Step 1: Create Custom GPT

  • Go to ChatGPT and create a new Custom GPT
  • Name it (e.g., "Contract Review - [Firm Name]")

Step 2: Write Instructions (SKILL.md equivalent)

# Contract Review Skill

## Purpose
This skill provides comprehensive contract review capabilities
aligned with [Firm Name]'s standard practices.

## Activation
Apply this skill when:
- User uploads a contract document
- User mentions "contract review" or similar
- User references specific contract types (NDA, MSA, SaaS, etc.)

## Process

### Step 1: Classification
Before analyzing, identify:
1. Contract Type: NDA, MSA, SaaS, License, Services, etc.
2. Our Role: Which party do we represent?
3. Counterparty Profile: Enterprise, mid-market, startup?
4. Deal Tier: Estimated value and strategic importance

### Step 2: Document Processing
- Read entire contract before providing analysis
- Note all defined terms and their definitions
- Identify governing law and dispute resolution
- Map clause structure and cross-references

### Step 3: Playbook Application
Apply positions from playbook:
- Compare each clause to standard position
- Identify deviations and assess severity
- Note missing required provisions

### Step 4: Risk Assessment
For each issue:
- Assign severity: RED | YELLOW | GREEN
- Explain practical business impact
- Consider interaction with other clauses

### Step 5: Redline Generation
For RED and YELLOW issues:
- Provide specific alternative language
- Reference clause library when applicable
- Explain rationale for changes

### Step 6: Output Generation
Structure response as:
1. Executive Summary (3-5 sentences)
2. Deal Parameters Table
3. Clause-by-Clause Analysis
4. Risk Score and Escalation Recommendation
5. Negotiation Priorities
6. Questions for Business Team

## Quality Requirements
- Never provide legal advice without qualification
- Flag any clause requiring jurisdictional verification
- Note when playbook doesn't cover specific terms
- Recommend escalation for deals over $500K

Step 3: Add Knowledge Files

Upload to Custom GPT or Assistant:

  • Playbook JSON or markdown
  • Clause library
  • Example outputs (good and bad)

Knowledge File Structure (for Custom GPT):

FilePurposeFormat
playbook.jsonStandard positions, risk thresholdsJSON
clause-library.mdApproved language for redlinesMarkdown
good-review-example.mdCalibration referenceMarkdown
bad-review-example.mdAnti-pattern to avoidMarkdown

Reference these in instructions: "Apply positions from playbook.json. Use clause-library.md for approved redline language."
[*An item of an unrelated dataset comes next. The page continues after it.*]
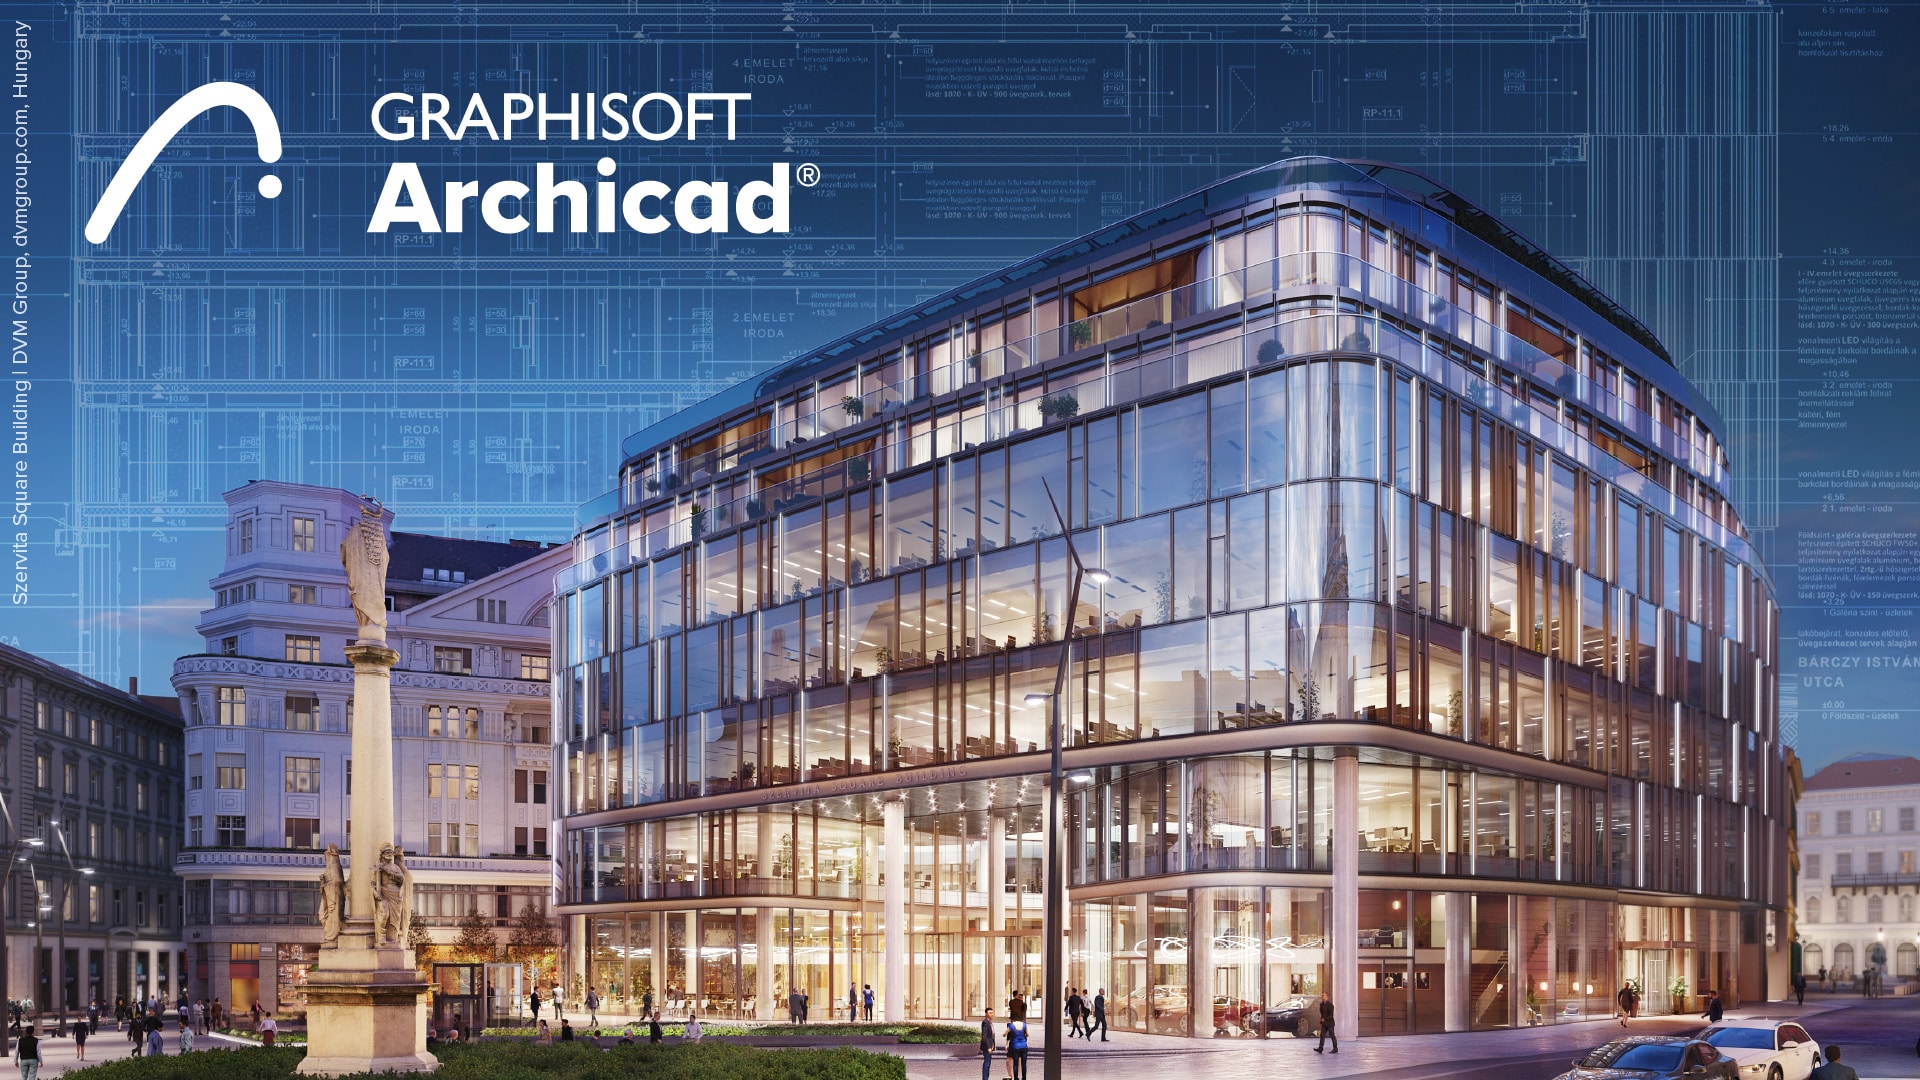 download the last version for ios ArchiCAD 27.3001

Example: Playbook JSON (upload as knowledge file)

{
  "contract_types": {
    "SaaS_Customer": {
      "liability": {
        "standard": "12 months fees",
        "minimum": "total contract value",
        "carve_outs": ["indemnification", "data_breach", "confidentiality", "IP", "gross_negligence", "willful_misconduct"]
      },
      "indemnification": {
        "required_vendor": ["IP_infringement", "data_breach", "security_failure"],
        "acceptable_exclusions": ["customer_modifications", "third_party_components_with_notice"]
      },
      "data": {
        "ownership": "customer",
        "vendor_rights": "service_delivery_only",
        "prohibited_uses": ["AI_training", "analytics", "marketing", "sale"],
        "retention_limit": "30_days_post_termination"
      }
    }
  },
  "severity_matrix": {
    "RED": [
      "unlimited_customer_liability",
      "no_vendor_indemnity",
      "data_used_for_AI_training",
      "no_termination_for_convenience"
    ],
    "YELLOW": [
      "liability_cap_below_12_months",
      "narrow_indemnity_carveouts",
      "60_plus_day_termination_notice"
    ]
  }
}

Example: Clause Library (upload as knowledge file)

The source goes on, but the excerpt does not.